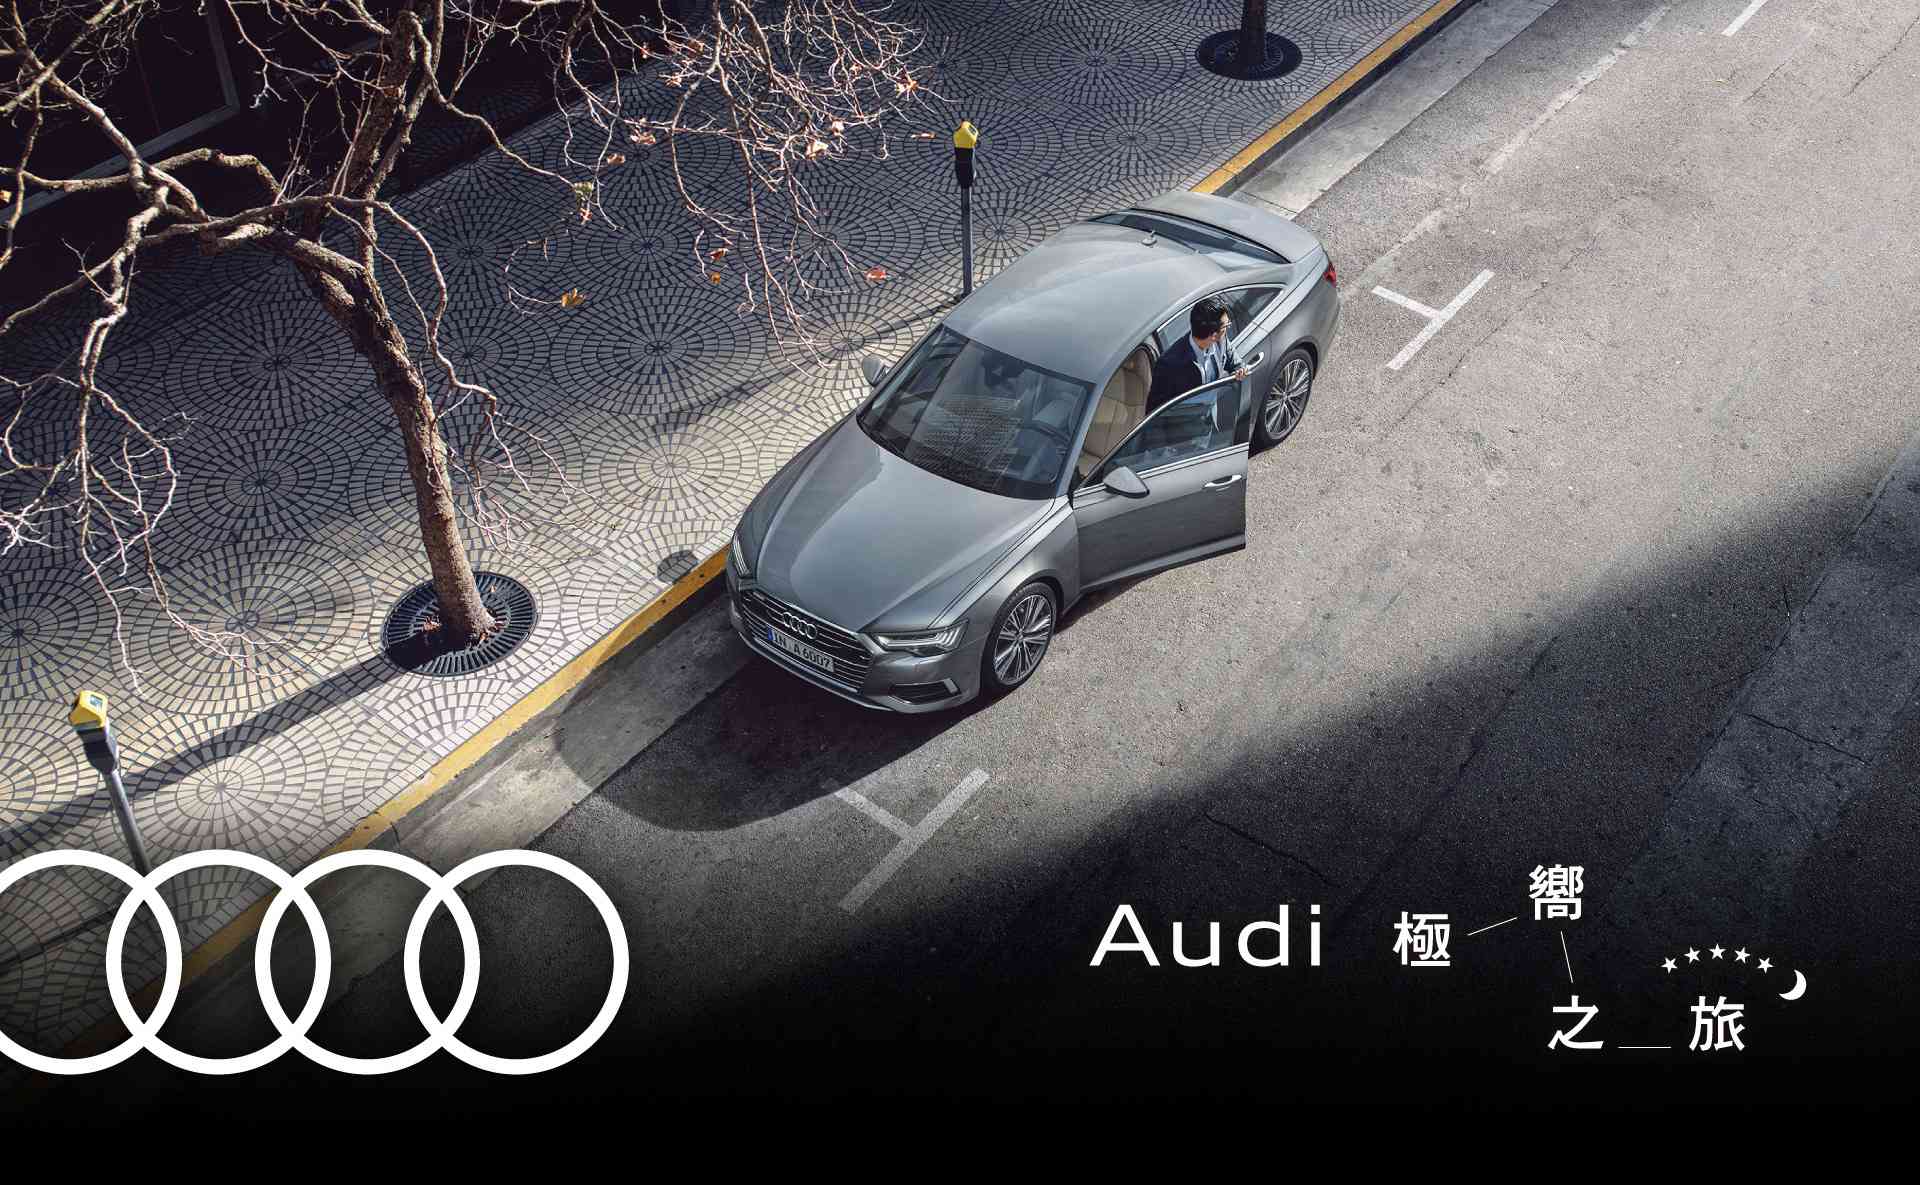 Audi 極嚮之旅試駕活動 邀您一同感受不凡
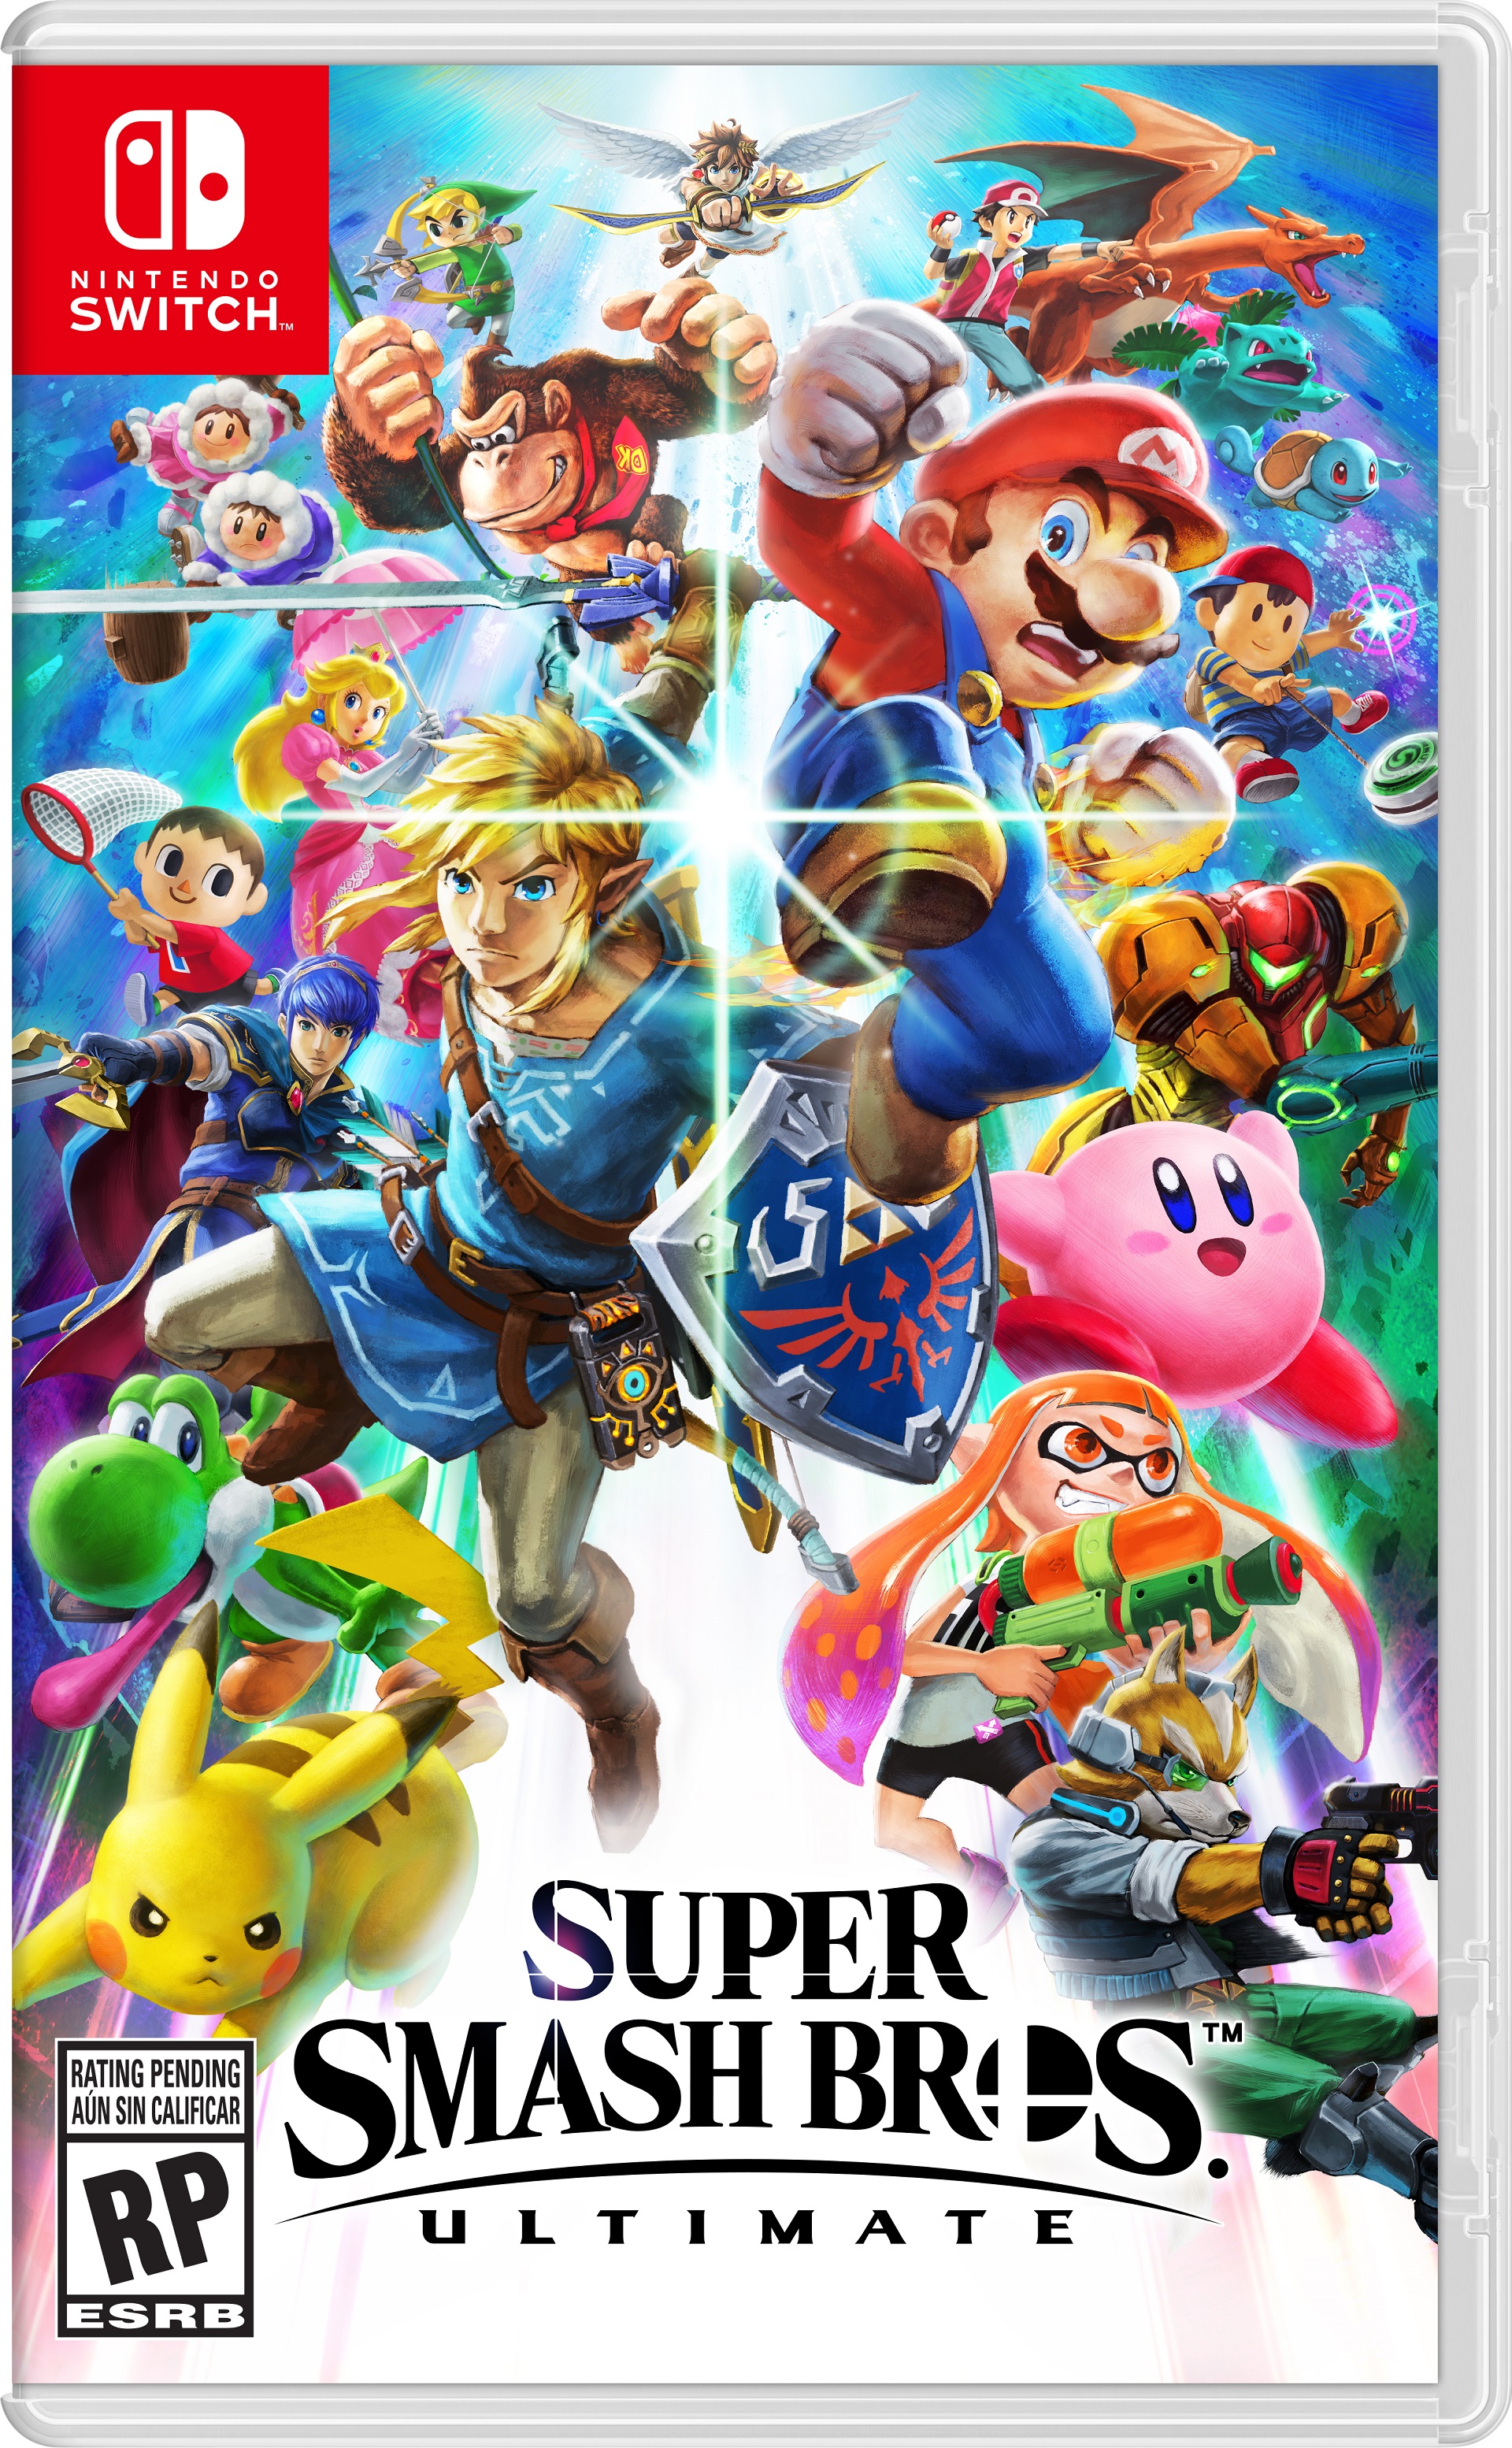 E3 2018: Nintendo Smashes E3 with 2018 Lineup, Details about Super Smash Bros. Ultimate
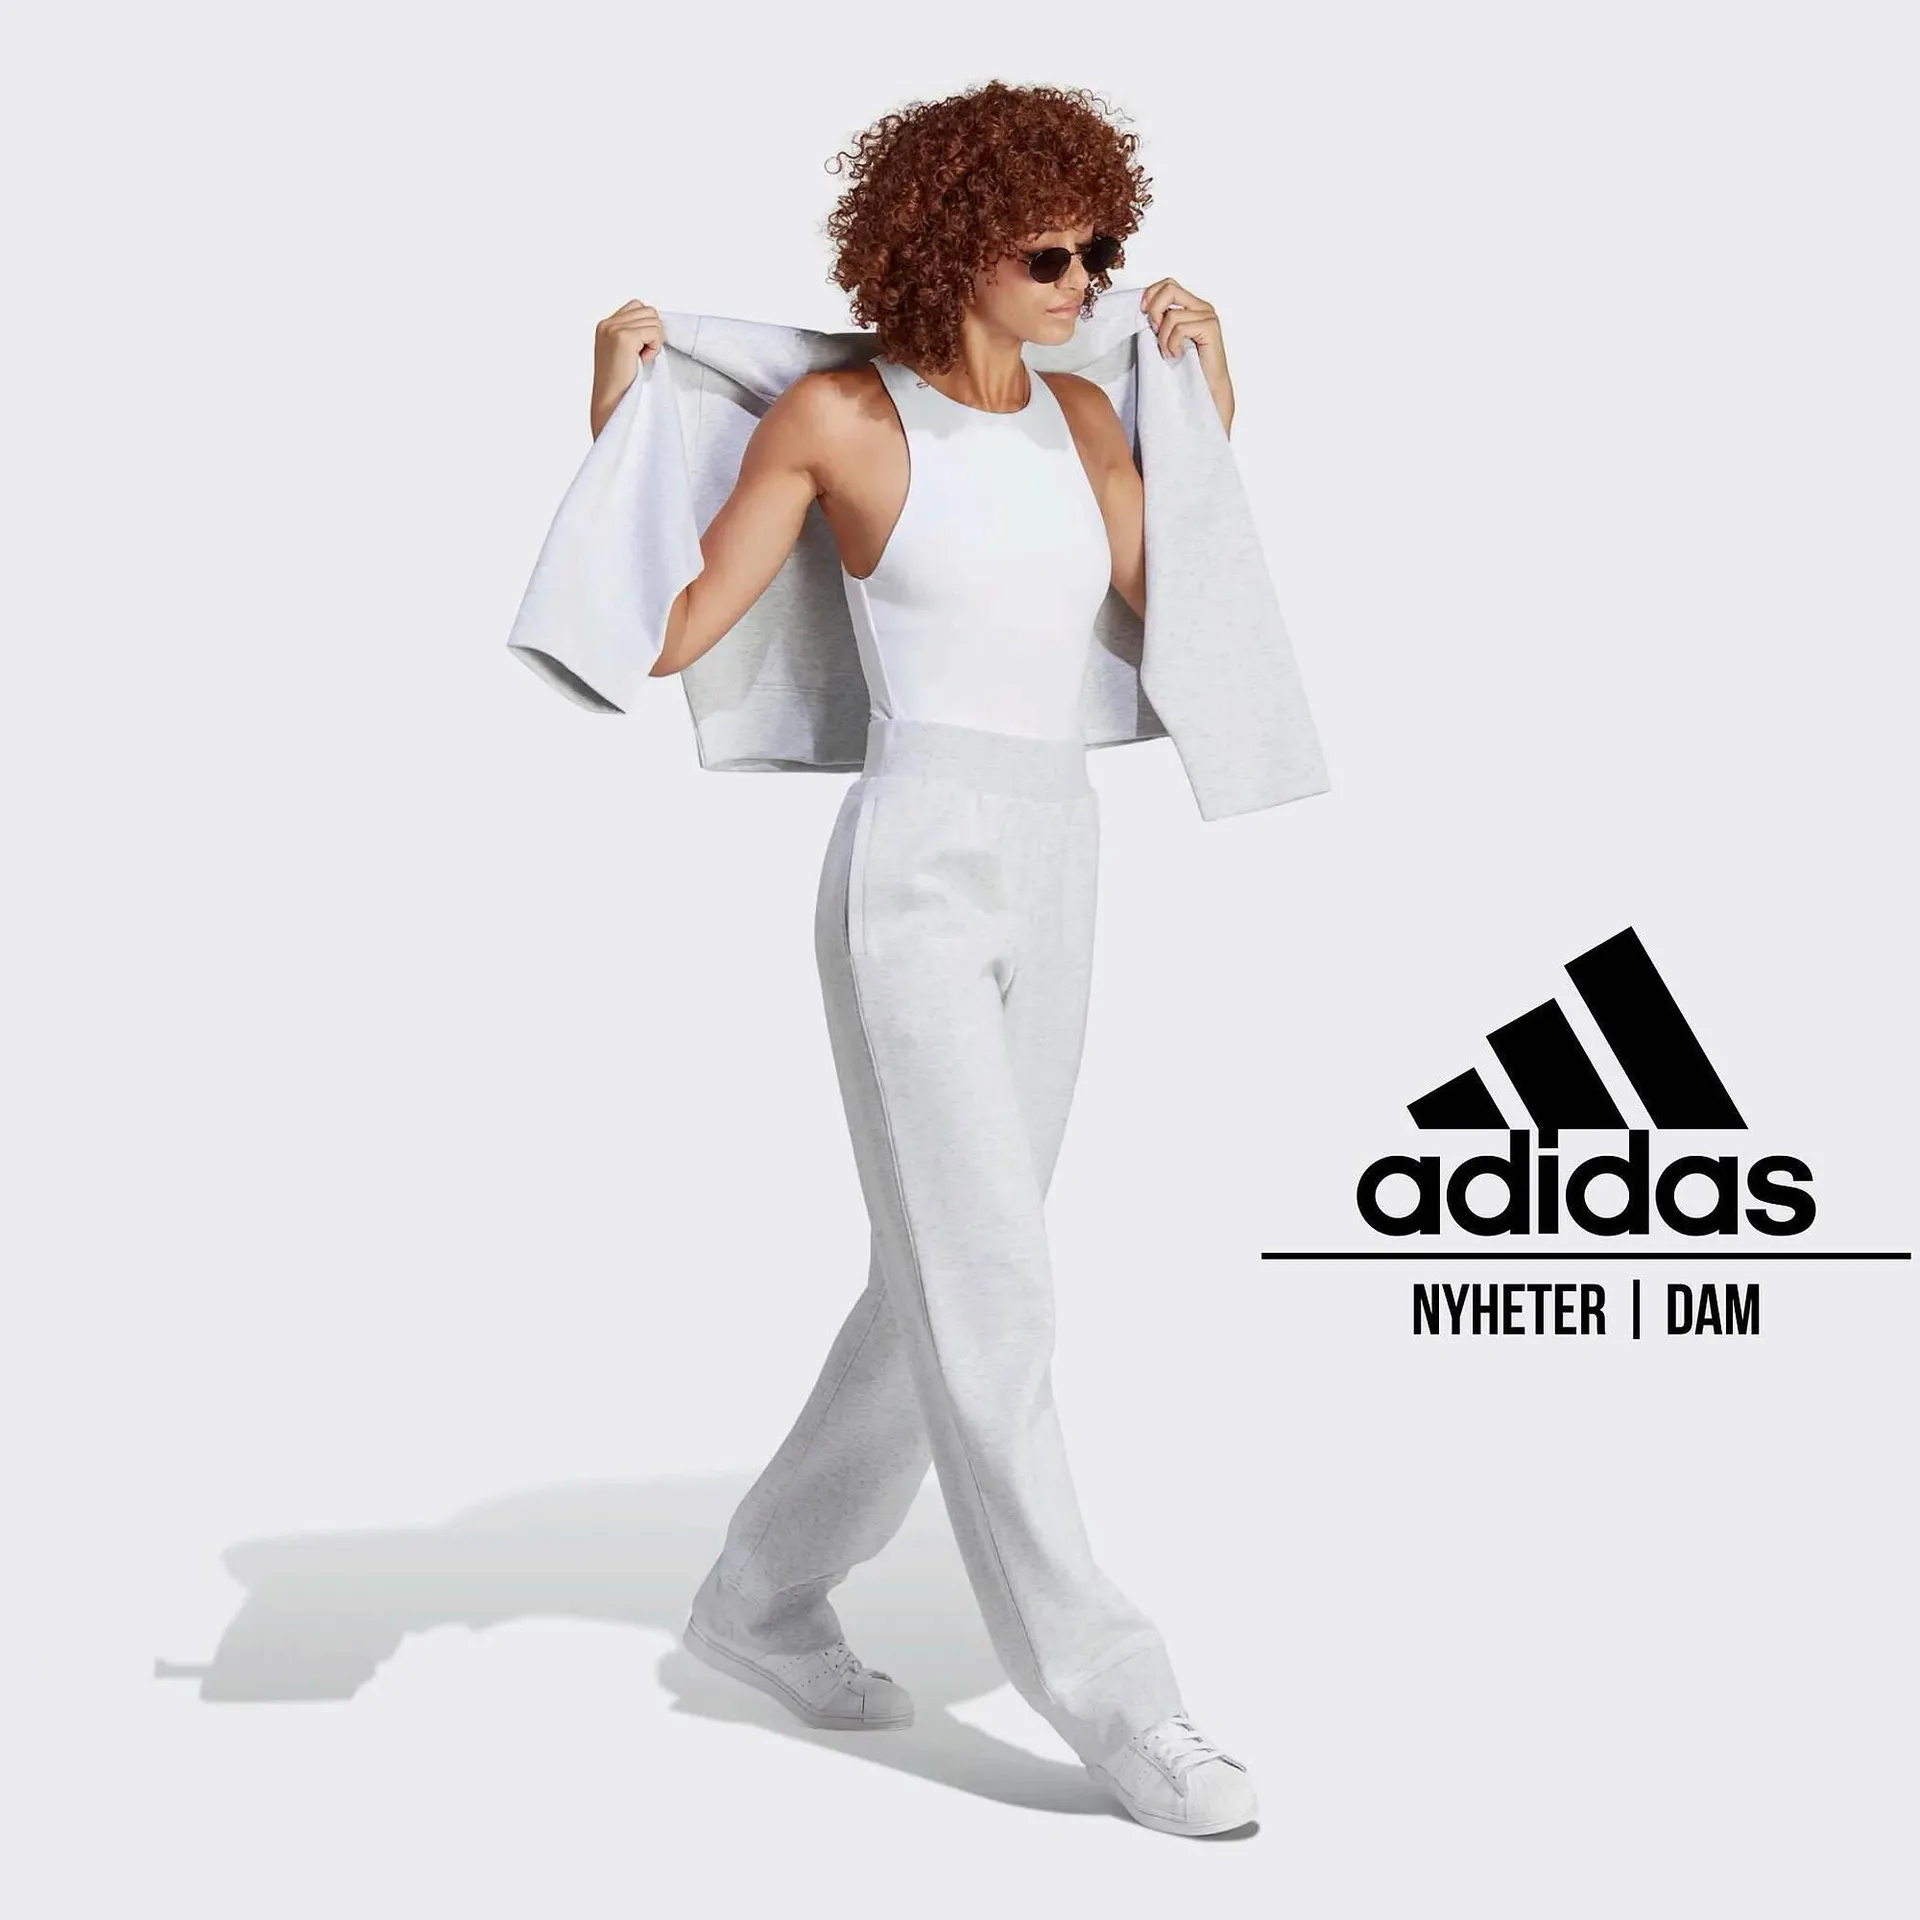 Adidas reklamblad - 1

|---|

THE TASK: Every line from the one containing "E3 2018: Nintendo" through the last line of the data, both included, is to be repeated exactly; the pictures are to be left out.

THE COMPLETED TASK:
 E3 2018: Nintendo Smashes E3 with 2018 Lineup, Details about Super Smash Bros. Ultimate
 Adidas reklamblad - 1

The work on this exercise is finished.